Robert Barth on May 2, 2011 5:22 PM

If you look closely at the warranties of SSDs, you will notice that they are shorter than their traditional Rotational counterparts. Flash has well known issues such as write speed degradation with time, and a very limited lifetime for every cell.
I think one of the wiser approaches is to use flash as a non-volatile cache, so that when your flash crashes, so you can have the peace of mind that your data is safe in a traditional hd while enjoying the speeds of flash.

Hyz on May 2, 2011 6:03 PM

I think the problem is Jeff is speaking from a Professional view. For average joe, they simply dont have that much money. ( Of coz they have warranty, but in some places where mail order are not available, traveling to repair center would properly cost 40% of your SSD )

And people just dont appreciate how much we have advance for HDD in terms of mechanical perspective.

That is why i think the latest Intel Turbo Cache on Z68 will finally make a difference. It requires a minimum of 20GB drive, so the features will actually guarantee to speed up your performance. Previous generation allows you to use as little as 2GB which isn't helping at all.

If you think about it. Most of your frequently use files, minus your multimedia files aren't actually that much. Your frequent Windows 7 could fit within 3GB space. ( You dont need Help files, Drivers, backup files... etc ). Those will continue to live on HDD. With RAM being very cheap, putting 8GB of memory in, you could even disable Pagefile. I wouldn't recommend disabling it with less the 8GB just to be safe. And to all those who argue that Microsoft recommends you to have pagefile on, Microsoft actually have Pagefile OFF by default on their Windows Embedded PC version and some other versions.

The rumors point to Intel selling this "Larson Creek" 20GB SLC Cache for only $5x. This should give you 90% of SSD performance for relatively cheap price. And You dont have to worry about your SSD dying because all of your Data will still be intact on your HDD.

Edward Chick on May 2, 2011 9:57 PM

I recently became addicted to the speed of SSD's when I put a new Vertex 3 in my 2011 MacBook Pro. This thing is absolutely amazing and I was willing to sacrifice HD size (I could only find a 120G) in return for speed.

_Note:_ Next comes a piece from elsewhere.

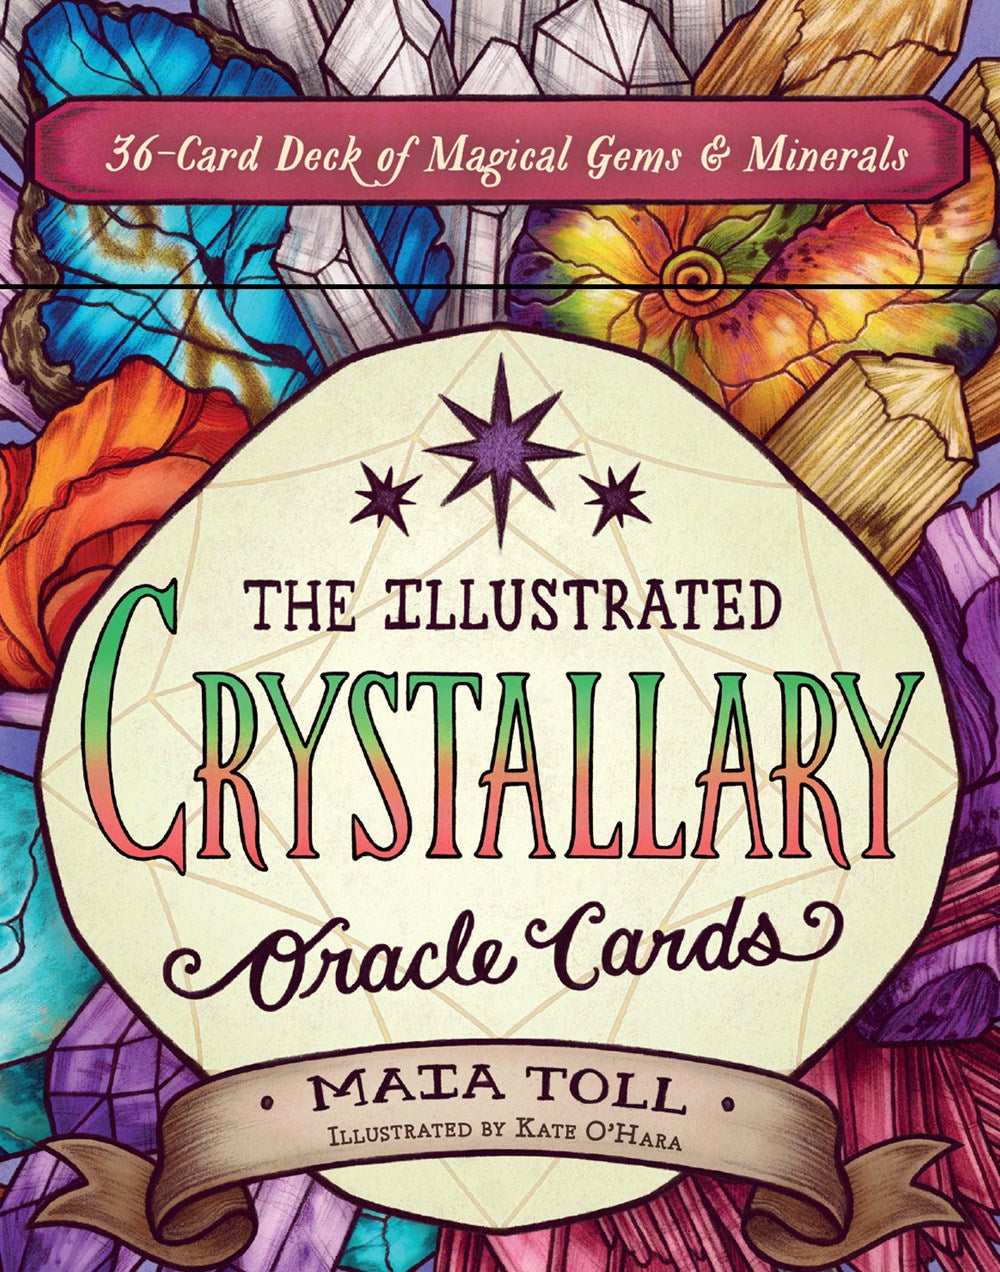 The Illustrated Crystallary Oracle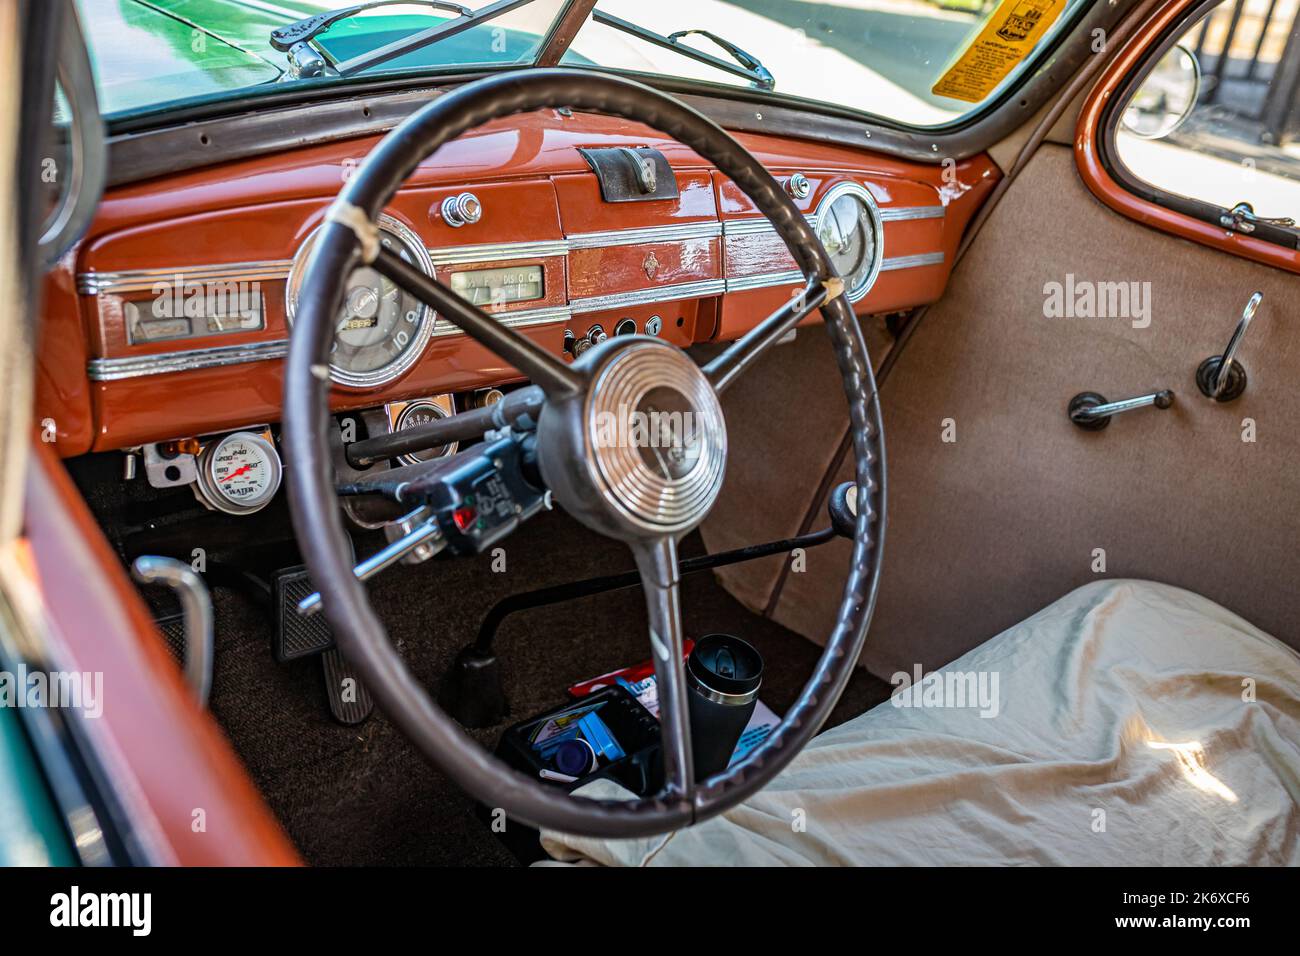 Falcon Heights, MN - June 19, 2022: High perspective detail interior view of a 1940 Packard 110 4 Door Sedan at a local car show. Stock Photo

My computer boots in less than 11 seconds and opening applications like Photoshop CS5 and Illustrator is almost instant. Now I'm a little worried about the imminent failure of my SSD but I keep good backups and by the time it fails there will probably be something faster available.

Chris Olbekson on May 2, 2011 10:13 PM

Well isn't SSD FAST? You shave here and there seconds at some applications start (first start that is if your short on RAM and I guess you're not). And then you stay off the computer for a full day at best to replace the drive, not cosindering other inconveniences like shipping the bad drive for replacement if under warranty, restoring from backup which is of course complete and taken the minute before your drive vailed. Looks really ugly to me and I write this using a SSD one year old that didn't fail yet. It's time for a new backup.

Ovi - on May 3, 2011 1:04 AM

Wellm has anybody thought about ecological impact besides just thinking in $$$? SSDs will have a bigger CO2 footprint, use more rare earth source materials during production. The more of them we throw away, the more you pollute the environment. A harddisk is already bad enough, so lets not replace it by something which is even worse.

Guys, all I read here is ROI etc... we cannot continue like that, I think. Considerations must be made from all points of view, not only from the finanical/economical one.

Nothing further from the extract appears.